- **Task to complete**
Each line of the listing must be transcribed exactly, except for the images, which should be excluded.

- **Collected data**
# # #

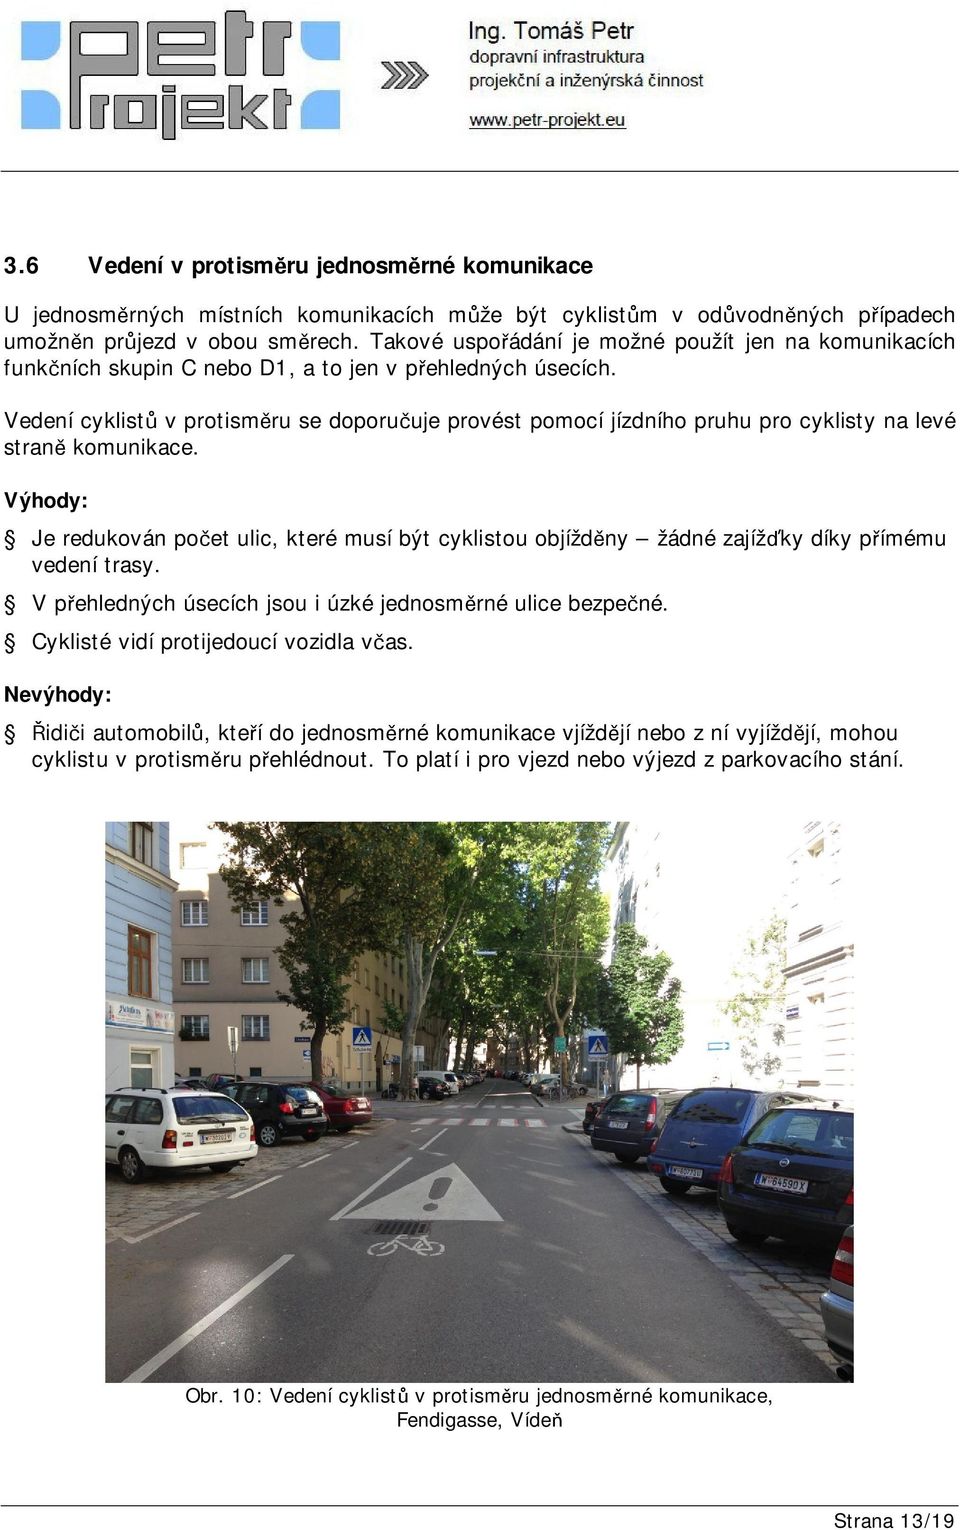 Vedení cyklistů v protisměru se doporučuje provést pomocí jízdního pruhu pro cyklisty na levé straně komunikace.
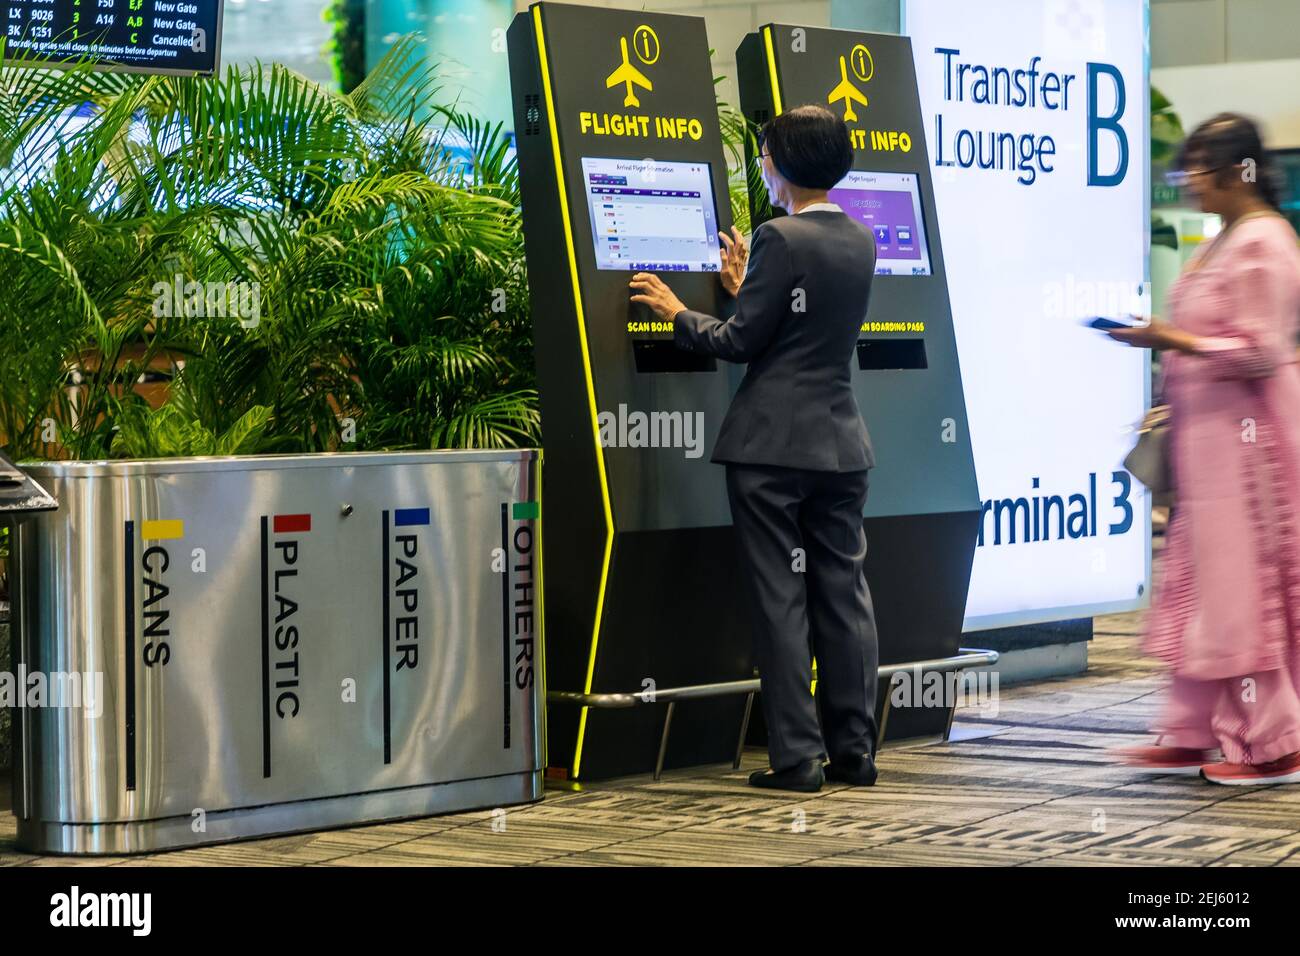 Una donna sta usando un'interfaccia di informazioni dell'aeroporto, mentre un'altra donna è waiting.on il lato sinistro tre bidoni della spazzatura. Foto Stock
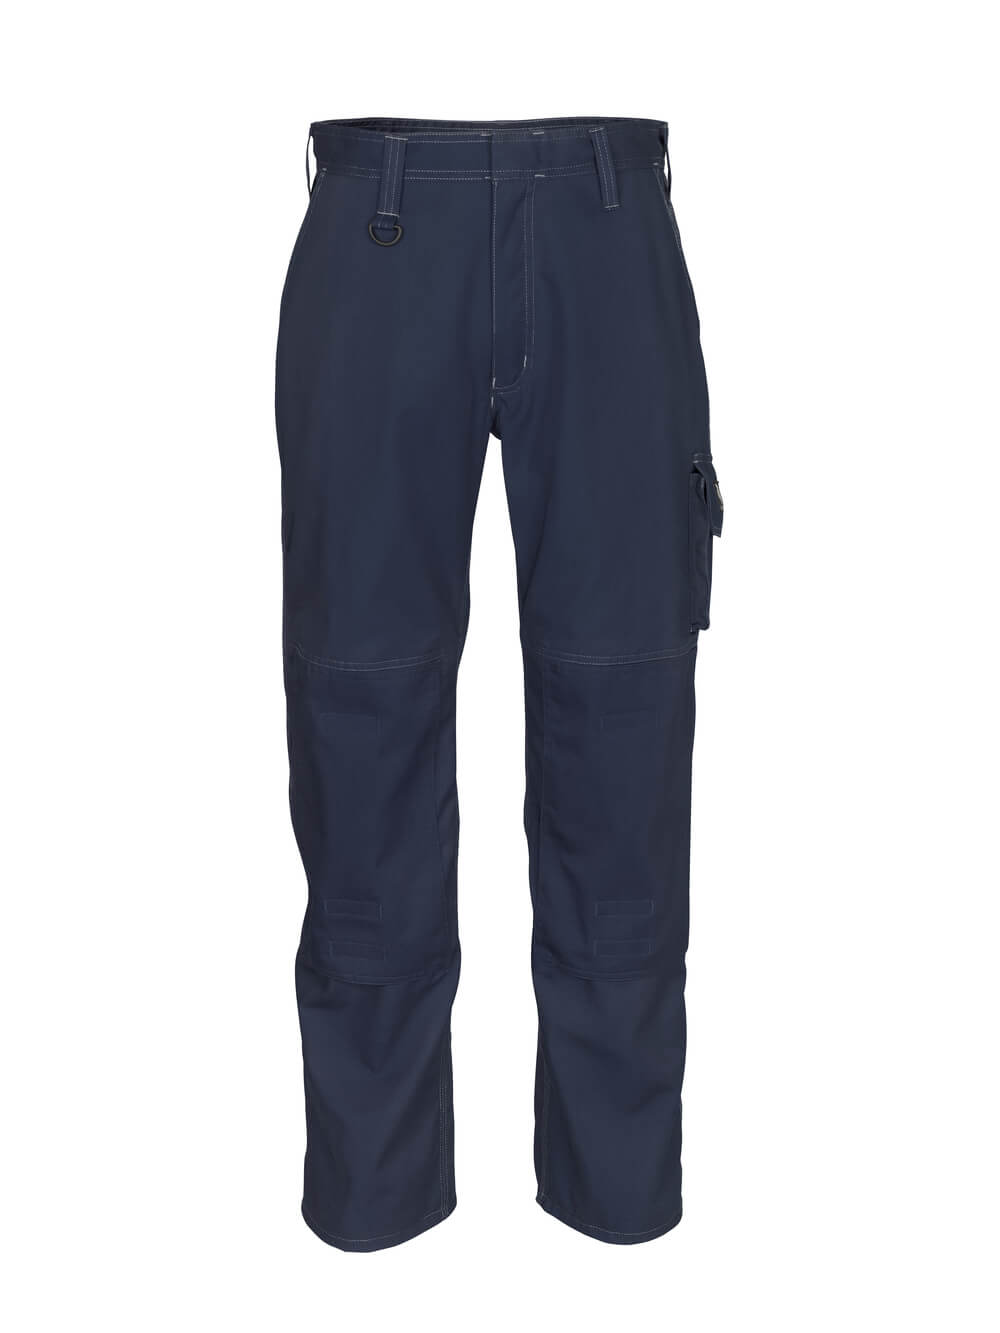 MASCOT® INDUSTRY Hose mit Knietaschen »Biloxi« Gr. 76/C46, schwarzblau - direkt von HUG Technik ✓

# # #

- **Exercise answer**
 Vedení cyklistů v protisměru se doporučuje provést pomocí jízdního pruhu pro cyklisty na levé straně komunikace.
 Una donna sta usando un'interfaccia di informazioni dell'aeroporto, mentre un'altra donna è waiting.on il lato sinistro tre bidoni della spazzatura. Foto Stock
 MASCOT® INDUSTRY Hose mit Knietaschen »Biloxi« Gr. 76/C46, schwarzblau - direkt von HUG Technik ✓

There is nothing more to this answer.